Howard Hughes Medical Institute, Department of Cellular and Molecular Pharmacology, University of California, San Francisco, San Francisco, California 94158, United States.
J Am Chem Soc. 2012 Dec 19;134(50):20214-7. doi: 10.1021/ja310659j. Epub 2012 Dec 4.
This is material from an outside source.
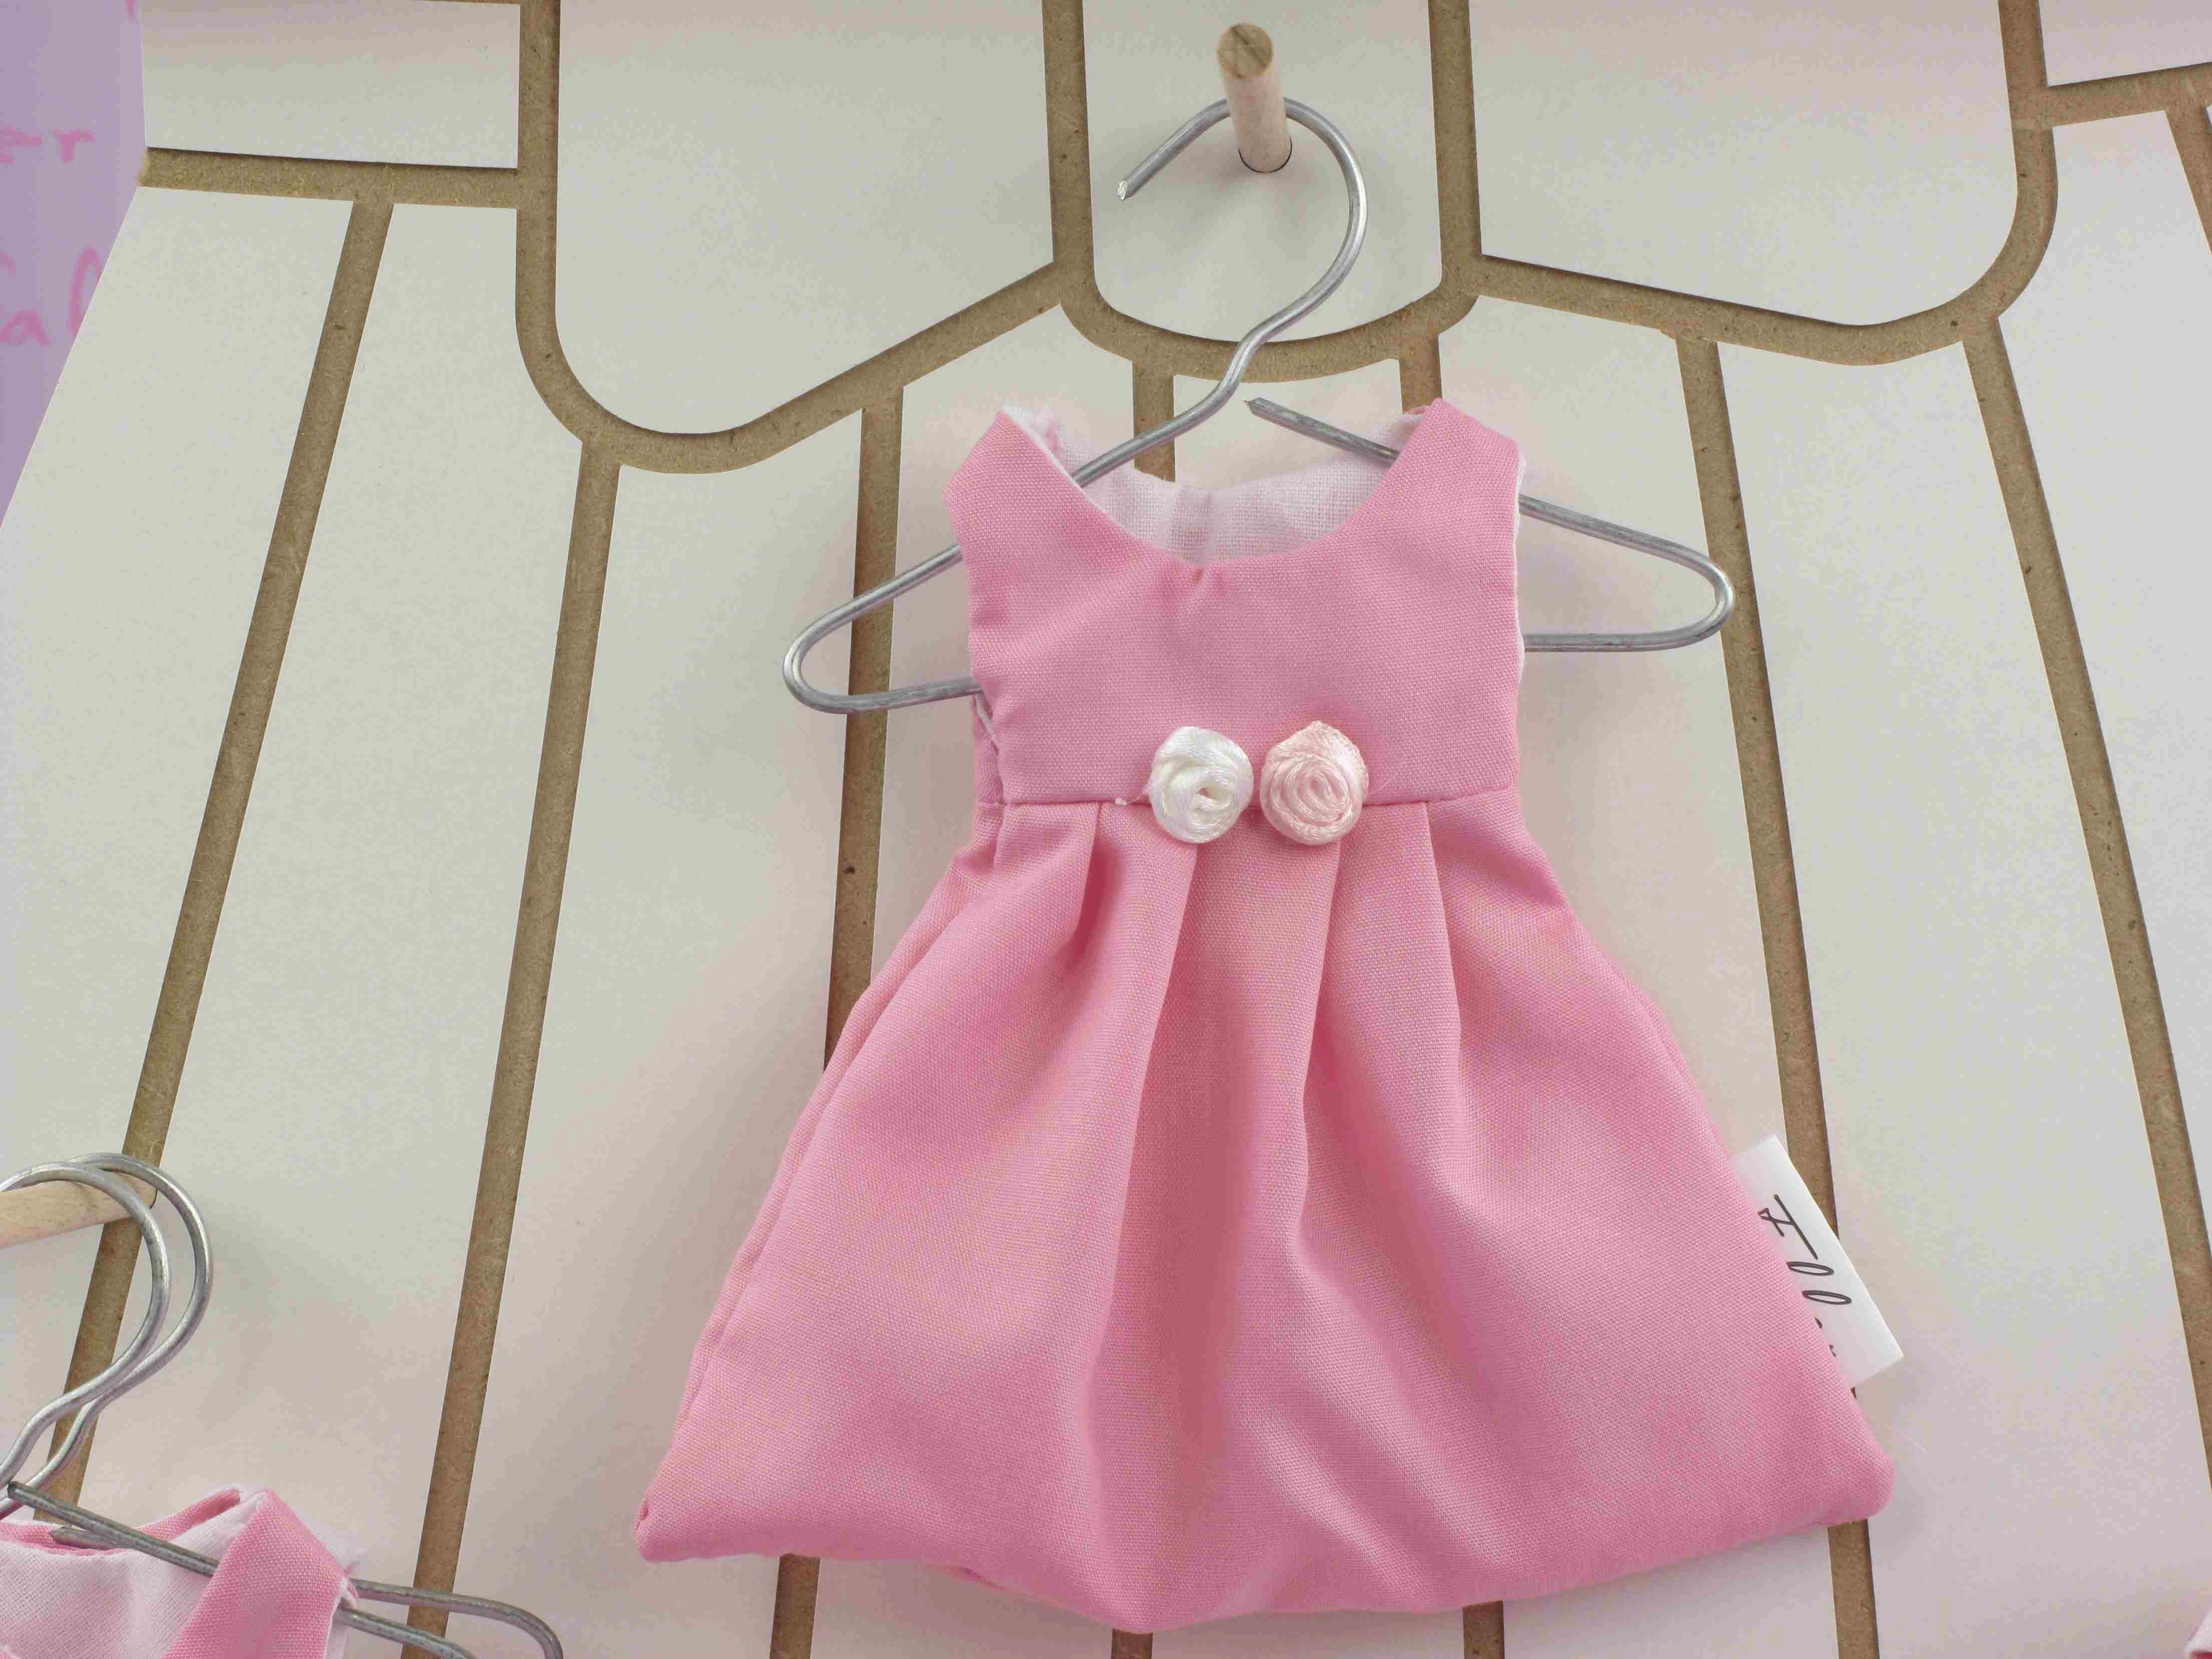 1bd024f8622cb Dragées robe - Dragées baptême fille dans petite robe

Src-family tyrosine kinases play pivotal roles in human physiology and disease, and several drugs that target members of this family are in clinical use. None of these drugs appear to discriminate among closely related kinases. However, assessing their selectivity toward endogenous kinases in living cells remains a significant challenge. Here, we report the design of two Src-directed chemical probes, each consisting of a nucleoside scaffold with a 5'-electrophile. A 5'-fluorosulfonylbenzoate (1) reacts with the conserved catalytic lysine (Lys295) and shows little discrimination among related kinases. By contrast, a 5'-vinylsulfonate (2) reacts with a poorly conserved, proximal cysteine (Cys277) found in three Src-family and six unrelated kinases. Both 1 and 2 bear an alkyne tag and efficiently label their respective endogenous kinase targets in intact cells. Using 1 as a competitive probe, we determined the extent to which ponatinib, a clinical Bcr-Abl inhibitor, targets Src-family kinases. Remarkably, while ponatinib had little effect on endogenous Fyn or Src, it potently blocked the critical T-cell kinase, Lck. Probes 1 and 2 thus enable competitive profiling versus distinct kinase subsets in living cells.
Src 家族酪氨酸激酶在人类生理和疾病中发挥着关键作用,几种针对该家族成员的药物已在临床应用。这些药物似乎都不能区分密切相关的激酶。然而,评估它们在活细胞中对内源性激酶的选择性仍然是一个重大挑战。在这里,我们报告了两种 Src 定向化学探针的设计,每个探针都由一个带有 5'-亲电体的核苷支架组成。5'-氟磺酰苯酯 (1) 与保守的催化赖氨酸 (Lys295) 反应,对相关激酶的选择性很小。相比之下,5'-乙烯砜 (2) 与三个 Src 家族和六个不相关激酶中发现的一个保守性差的近位半胱氨酸 (Cys277) 反应。1 和 2 都带有炔基标记,并在完整细胞中有效地标记其各自的内源性激酶靶标。我们使用 1 作为竞争性探针,确定了临床 Bcr-Abl 抑制剂 ponatinib 靶向 Src 家族激酶的程度。值得注意的是,虽然 ponatinib 对内源性 Fyn 或 Src 几乎没有影响,但它强烈抑制了关键的 T 细胞激酶 Lck。探针 1 和 2 因此能够在活细胞中针对不同的激酶亚群进行竞争性分析。